By Bill Kelly, CAIA Association CEO
Our story starts with a former Eagle Scout known as Barber. While his name had absolutely nothing to do with his ultimate professional calling, Barber Conable did, perhaps unwittingly, become the Sweeney Todd of the defined benefit plan.
Barber Conable lived a noble life and eventually found himself as the top Republican on the powerful House Ways and Means Committee in the late 1970s. His district was Upstate New York, home to the likes of Eastman Kodak and Xerox, the corporate power brokers of that time. It turns out that the senior executives at those companies were looking to find a way to invest their deferred compensation in the equity markets while avoiding all taxes until actual receipt of the proceeds. As a solution for a few fat-cats, an obscure section numbered 401(k) was appended to the Revenue Act of 1978 and therein began the death knell of the paternalistic defined benefit plan.
Today, very few workers are covered by a defined benefit plan. They are mostly the province of public pension plans, collectively bargained union contracts, and pay-as-you-go sovereign promises that will all someday need a CARES Act bailout of their own (filed under SOS). It only took until the mid-1990s for the majority of the workforce to be covered by self-funded 401(k) retirement plans for the first time, and that dominance has only grown over the last several decades. We have handed off the twin complexities of investment and longevity risk absent any accountability or responsibility as to how this might end.
This backdrop provides the perfect segue and call to action that are the underpinnings of CAIA Association’s The Next Decade of Alternative Investments: From Adolescence to Responsible Citizenship. Managing risk is a very complex task especially when the risk-free rate is set at zero, destroying the power of compounding even before contemplating inflation. The ability to take said risk is a function of age which can take on many forms, including the risk tolerance (or lack thereof) of a 65-year-old retiree who could potentially live for another 30+ years, where products based on long-term outcomes are lacking in so many ways.

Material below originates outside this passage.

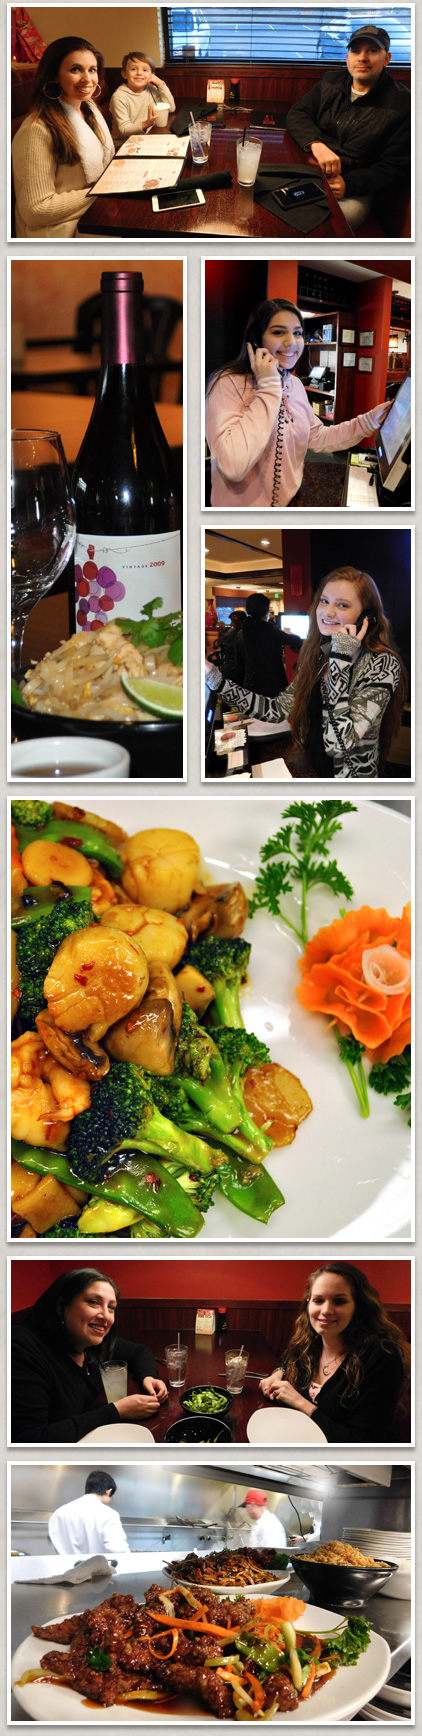 Chen Chinese Cuisine in Lake In The Hills photos part 1

Think about the gray matter under the atrophying defined benefit scheme: a very sophisticated CIO investor office, long on credentials like CAIA, CFA and PhD; a smart pension consultant replete with a team of actuaries in the learned middle, and the triumvirate was rounded out with the asset manager offering access to all types of products across the entirety of the risk premia spectrum. How is it possibly acceptable to take all of these complexities, enveloped in such a sophisticated brain-trust, and dump them on the lap of Jane Q. Public and simply walk away in the hope that it will end well?
Our piece calls for all of us to take back part of the narrative and some of the responsibility beginning with education. We must approach every investor with informed consent and a commitment to help them understand and navigate a dizzying array of product offerings. Transparency must always be front and center and we need to recognize and resolve the agency problem so eloquently brought forward by the late Jack Bogle. Your client will be increasingly less sophisticated and will need your professional advice. Do not ever allow yourself to take advantage of that situation.

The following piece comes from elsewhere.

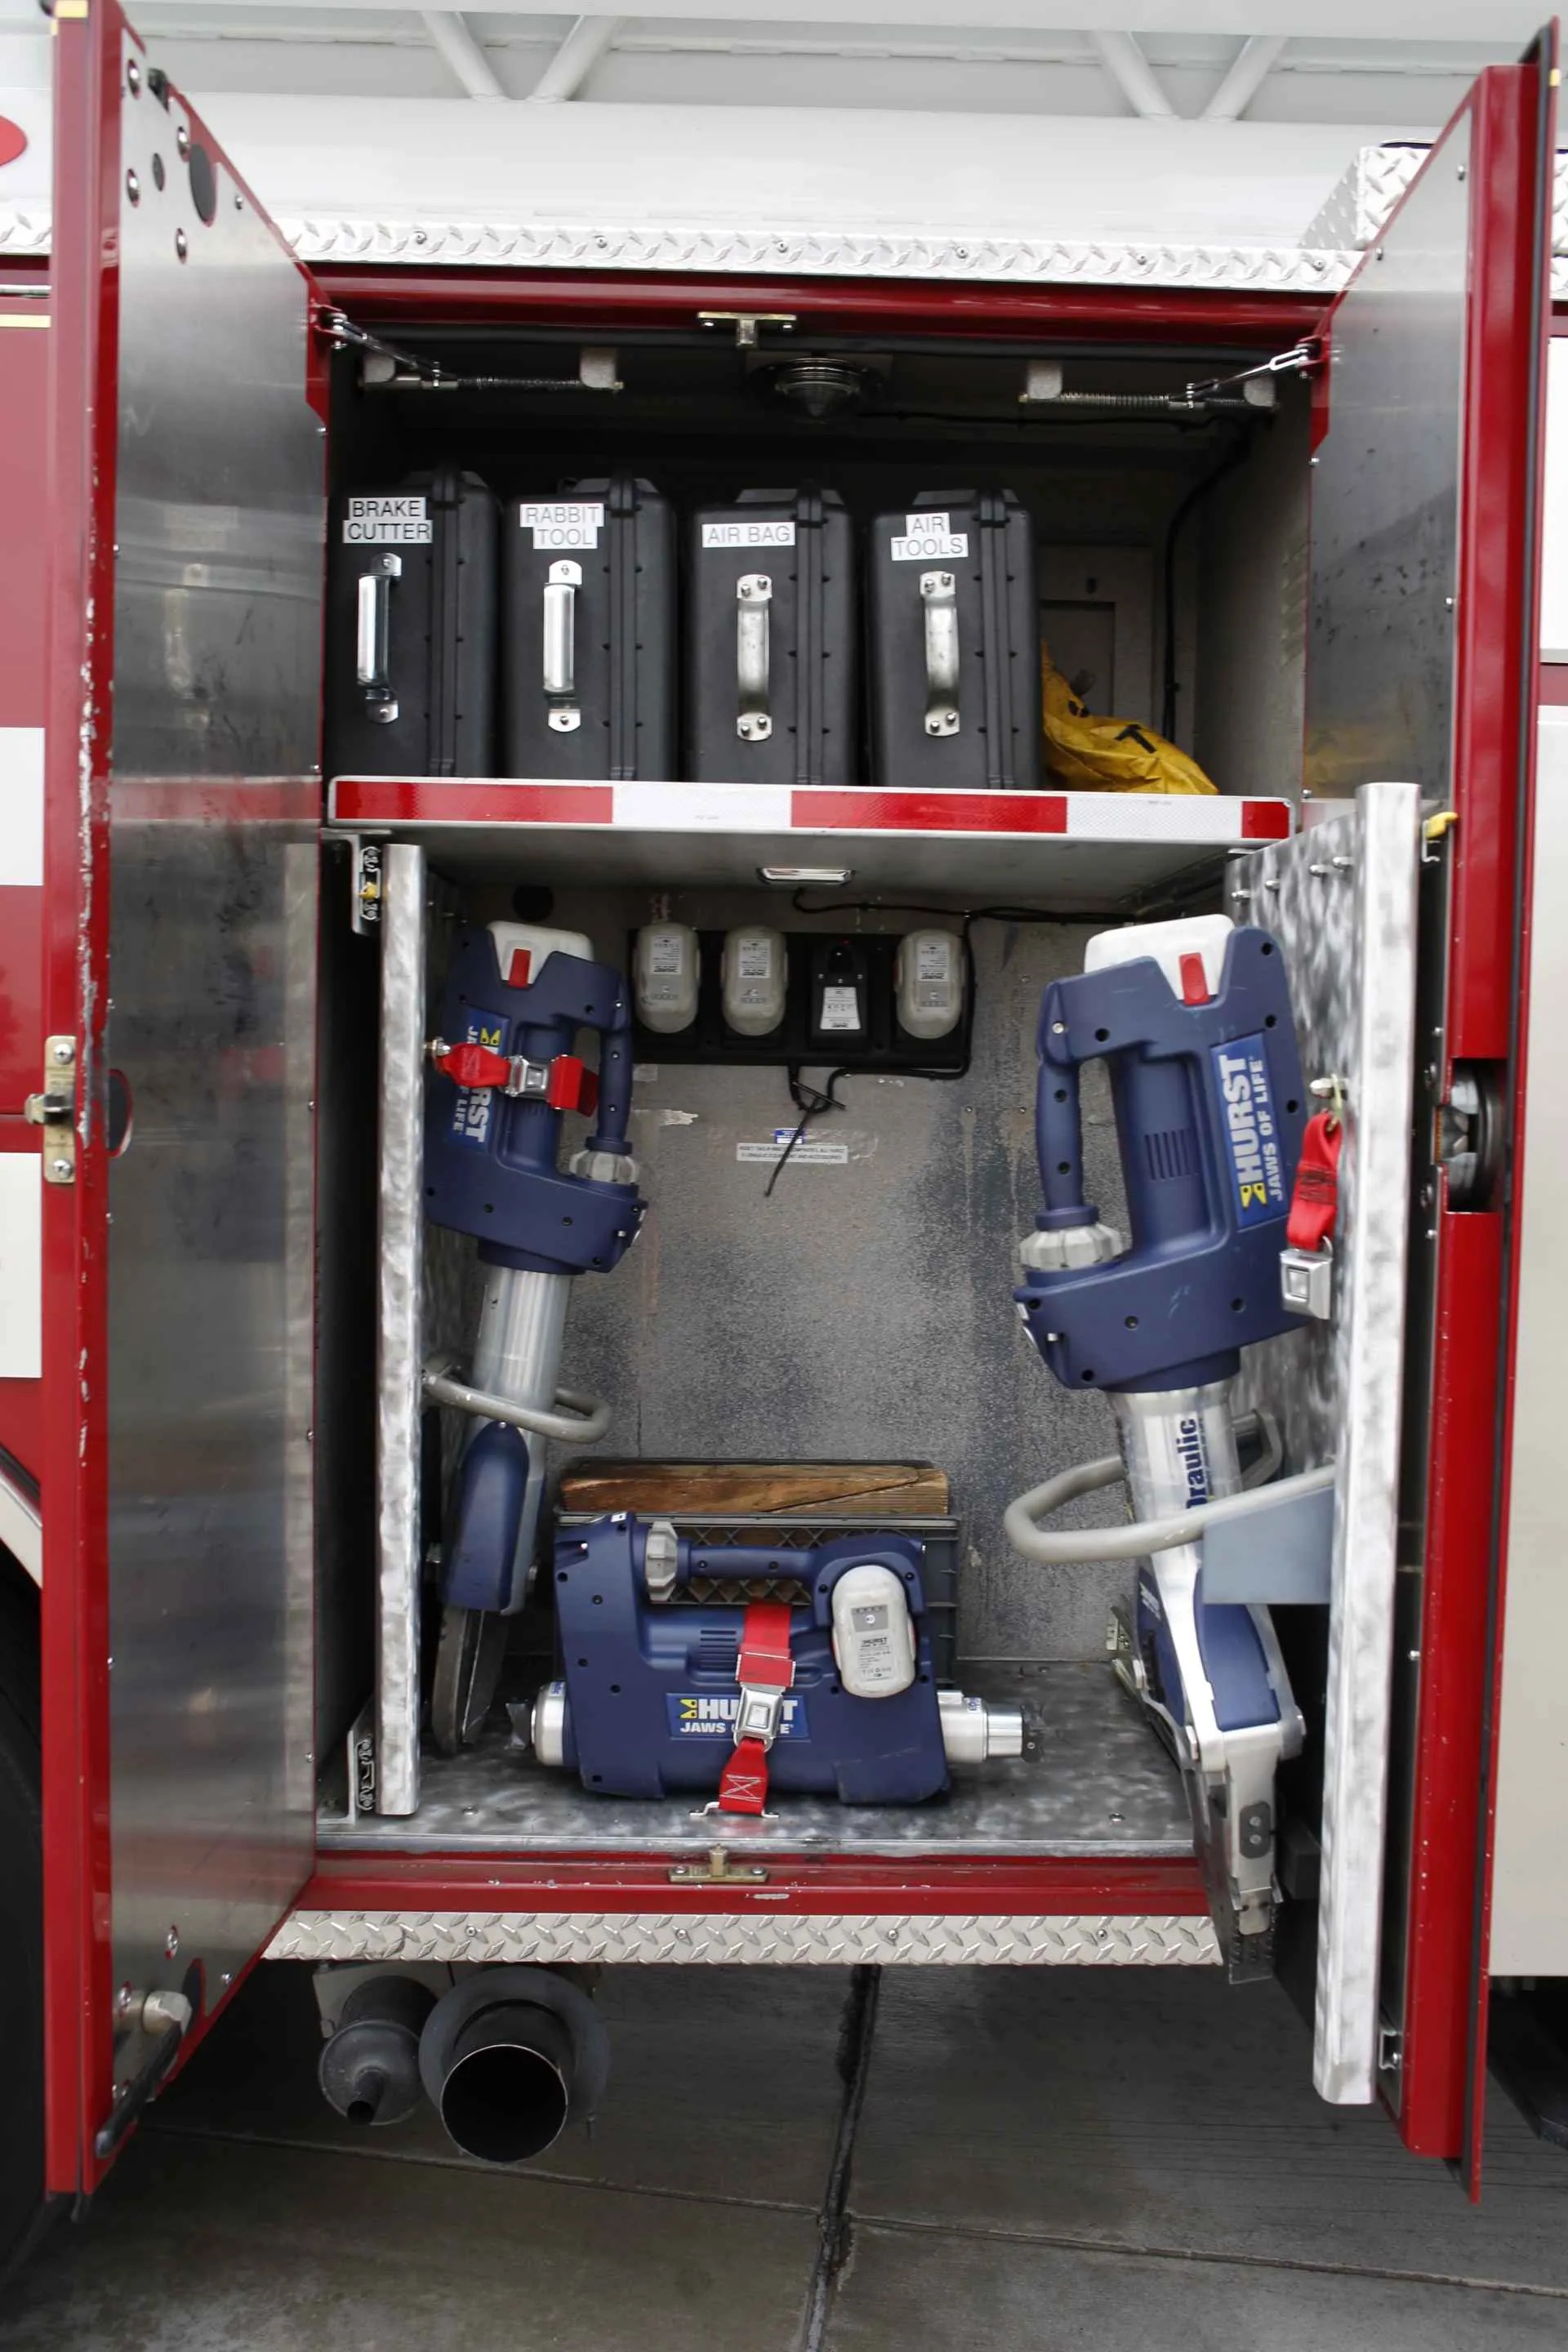 Accuride-9308-Lockin-lockout-slides-in-rescue-tool-compartment.jpg.webp

The final two calls-to-action really come back to the basics of a sound investment plan focused on diversification, which can only occur with fair and unfettered democratization of portfolio solutions. As markets become more efficient, the former becomes more elusive, especially when one is looking to find the pure beta exposure with often an alpha expectation/fee sitting on top. The recent movement by some global regulators to provide greater access to the private markets, especially at a time when that has become the new home for capital formation, must be very carefully embraced via the aforementioned education and transparency.
Our great industry will never become a respected profession unless we embrace this four-point call to action. The stakes are high, and it is the very neck of sound retirement outcomes that we have laid bare to our own version of an evil barber from Fleet Street. Let’s take back that narrative and put our clients first.
Seek diversification, education and know your risk tolerance. Investing is for the long term.